Is A String a Substring of Another String?

2024-12-20

Problem: Given two strings s and t, return True if s is a subsequence of t, or False otherwise.

Testing Function

1
2
3
4
5
6
7
8
from typing import Callable


def test(approach: Callable[[str, str], bool]) -> None:
    test1 = approach("abc", "ahbgdc") == True
    test2 = approach("axc", "ahbgdc") == False
    status = "Pass" if test1 and test2 else "Fail"
    print(f">>> Result: `{approach.__name__}` - {status}")

Brute Force Approach

A sequence implies that order matters. Therefore, we’ll be traversing t and checking if we can find the characters of s in order. The order here helps and it immediately makes me think that a two-pointer technique is a good fit. I think it is often helpful to imagine what the brute force solution looks like. In this case, we’d be checking every possible subsequence of t to see if it matches s.
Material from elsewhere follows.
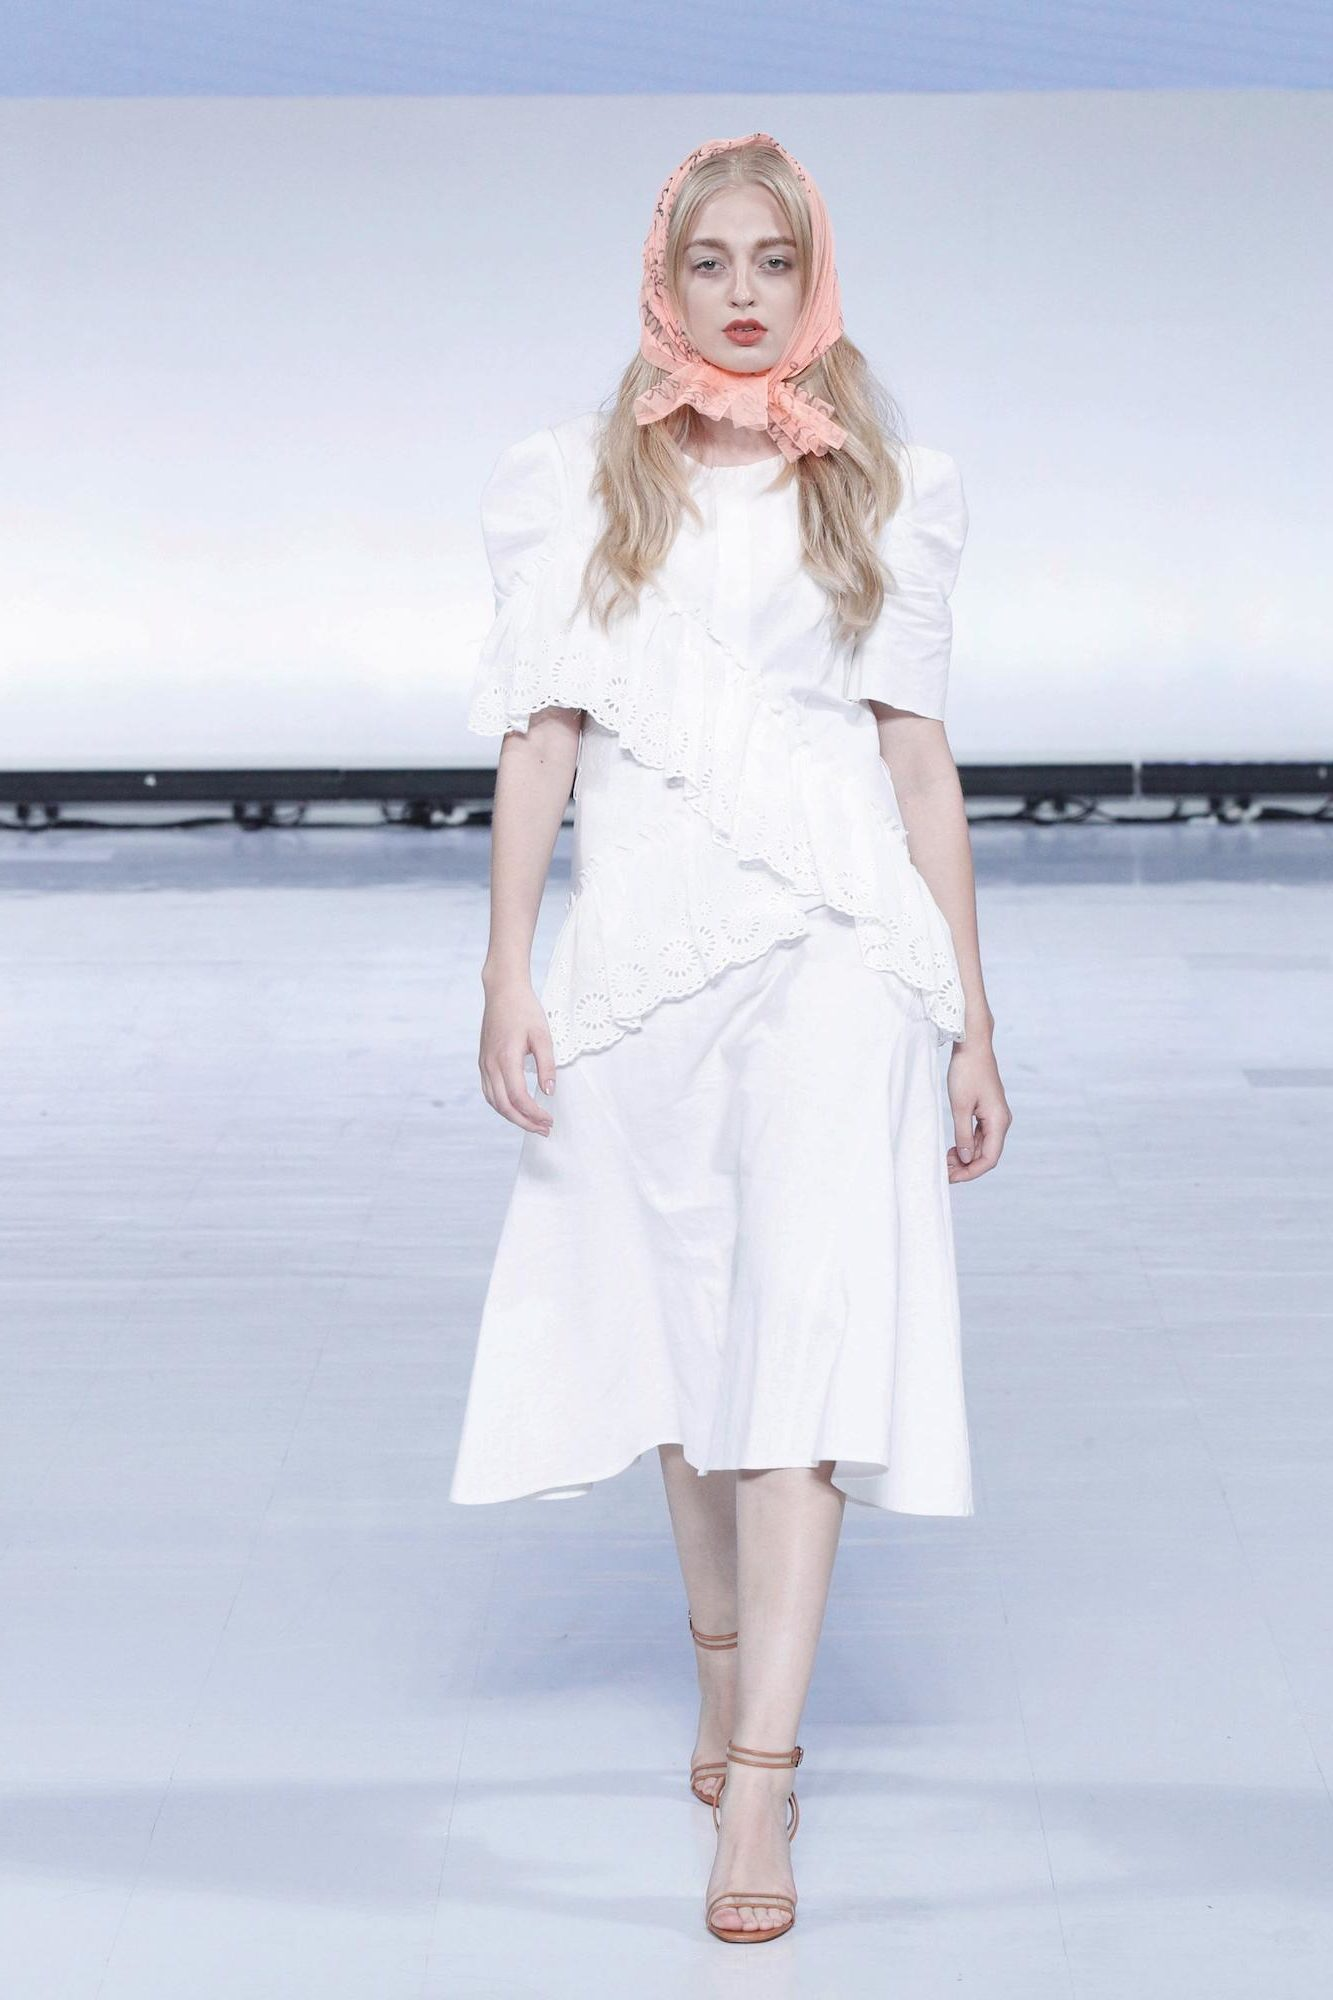 Wanita asia dengan model rambut pirang menggunakan scarf di atas kepala – Jakarta Fashion Week 2019

This would look something like this:

 1
 2
 3
 4
 5
 6
 7
 8
 9
10
11
12
def brute_force(s: str, t: str) -> bool:
    for i in range(len(t)):
        for j in range(len(s)):
            if t[i] == s[j]:
                s = s[1:]
                break
        if not s:
            return True
    return False


test(brute_force)

>>> Result: `brute_force` - Pass

The time complexity of the above brute-force approach solution is $\mathcal{O}(M \times N)$, where $M$ is the length of t and $N$ is the length of s. This is not great, but it does help provide us a baseline and, at the very worst, we have provided a working solution.

Two-Pointer Approach

As I mentioned earlier, my immediate reaction here is that we can use a two-pointer technique. To achieve this, we’ll initialise two pointers i and j to 0. We’ll then iterate over t and s using these pointers. If the characters at the current pointers match, we’ll increment j. Otherwise, we’ll increment i. If we manage to iterate over all of s, then s is a subsequence of t.

 1
 2
 3
 4
 5
 6
 7
 8
 9
10
11
12
13
14
15
16
17
18
19
20
21
def two_pointers(s: str, t: str) -> bool:
    # Initialise the pointers to 0
    i = 0
    j = 0
    # Residual is the number of characters in the substring left to find
    residual = len(s)
    # Whilst the left pointer is strictly less than the number of
    # characters in s and j less than those t, keep moving along.
    while i < len(s) and j < len(t):
        # For the current pointer pair, increment the subsequences' pointer
        # if there is match in the superstring
        if s[i] == t[j]:
            i += 1
            residual -= 1
        # If no match was found for the current right pointer, increment.
        j += 1
    # If there was not characters left to check, then we have a substring
    result = residual == 0
    return result

test(two_pointers)

>>> Result: `two_pointers` - Pass

The time complexity of the above approach is $\mathcal{O}(M)$, where $M$ is the length of t. This is a significant improvement over the brute-force approach. Perhaps the bigger improvement is the storage complexity which, due to the use of two pointers, is $\mathcal{O}(1)$.